Train() method returns two arrays containing the loss values of the two models throughout training. We will assign these values to g_loss, and d_loss and plot them.
In [5]:
g_loss, d_loss = dcgan.train(epochs=epoch, batch_size=batch, save_interval=interval)
1 [D loss: 0.680393, acc.: 61.54%] [G loss: 0.732704] 2 [D loss: 0.654482, acc.: 60.98%] [G loss: 0.835647] 3 [D loss: 0.680507, acc.: 59.27%] [G loss: 0.832127] 4 [D loss: 0.667612, acc.: 61.23%] [G loss: 0.890128]
5 [D loss: 0.678923, acc.: 57.80%] [G loss: 0.878026]
6 [D loss: 0.669563, acc.: 59.07%] [G loss: 0.857507] 7 [D loss: 0.674293, acc.: 59.85%] [G loss: 0.880131] 8 [D loss: 0.667477, acc.: 58.76%] [G loss: 0.876913] 9 [D loss: 0.663820, acc.: 59.30%] [G loss: 0.891338]

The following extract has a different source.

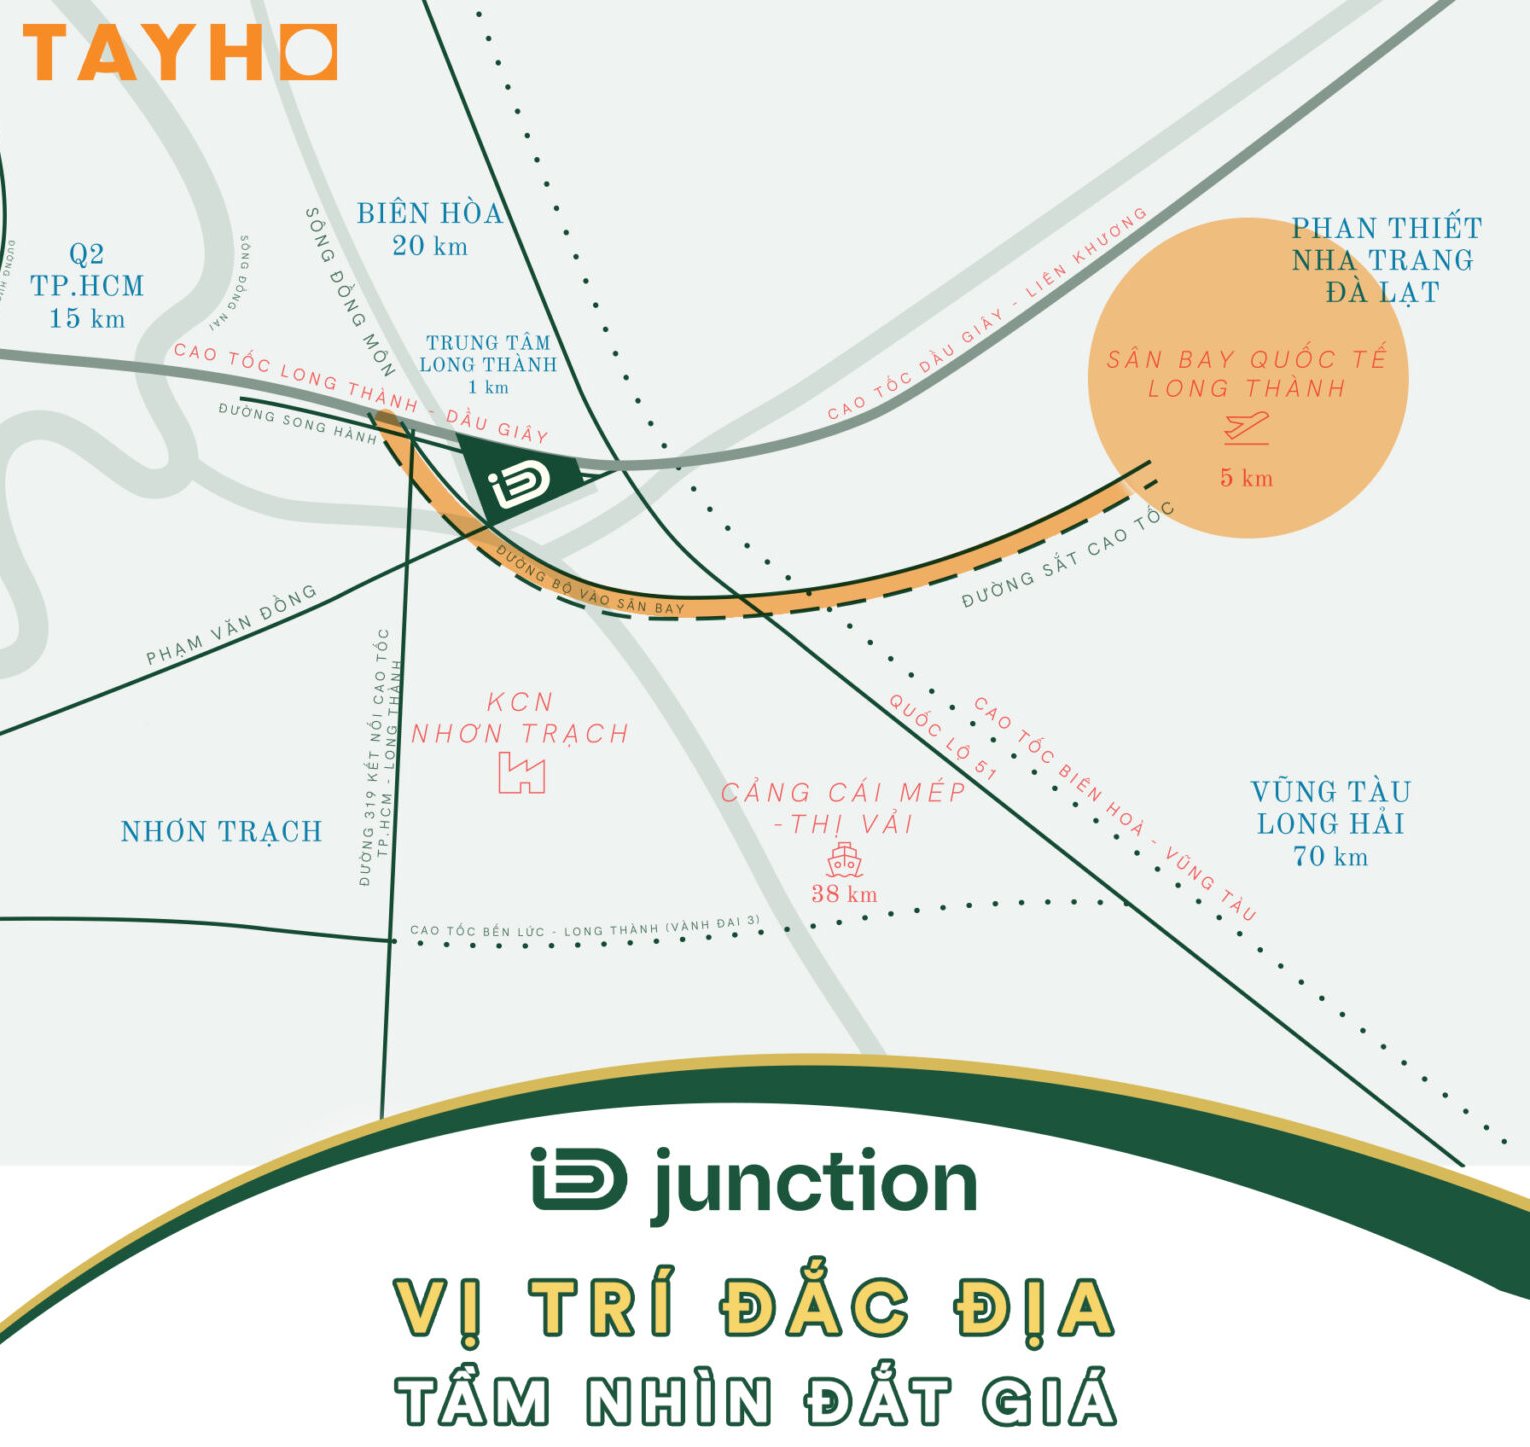 Vị trí “tam giác vàng logistics” của khu đô thị iD Junction là vị trí đắc địa duy nhất tại Long Thành hiện nay

10 [D loss: 0.659955, acc.: 59.45%] [G loss: 0.909291]
Plot Loss
plt.plot(g_loss) plt.plot(d_loss) plt.title('GAN Loss') plt.ylabel('Loss') plt.xlabel('Epoch') plt.legend(['Generator', 'Discriminator'], loc='upper left') plt.show()

Conclusion
This article provides you with a general framework of training a Generative Adversarial Network using Keras. You will be able to create your own generative models with your own datasets using this script. The full version of this code can be found here. The script is currently configured for 64×64 images.If you want to train using datasets with images of a different size, you will need to adjust the img_dimensions parameter and adjust the amount UpSampling2D and MaxPooling2D layers accordingly.
Once you have trained a model you are satisfied with, you can use the PCA GAN Inference script to generate outputs and analyze your results. This script will also provide you with code to create GIFs of walking through the latent space of the Generator model such as the ones provided at the beginning of the article.
You can also use the Model Visualization script to get a look at what is happening inside each convolutional layer when your modelmakes a prediction.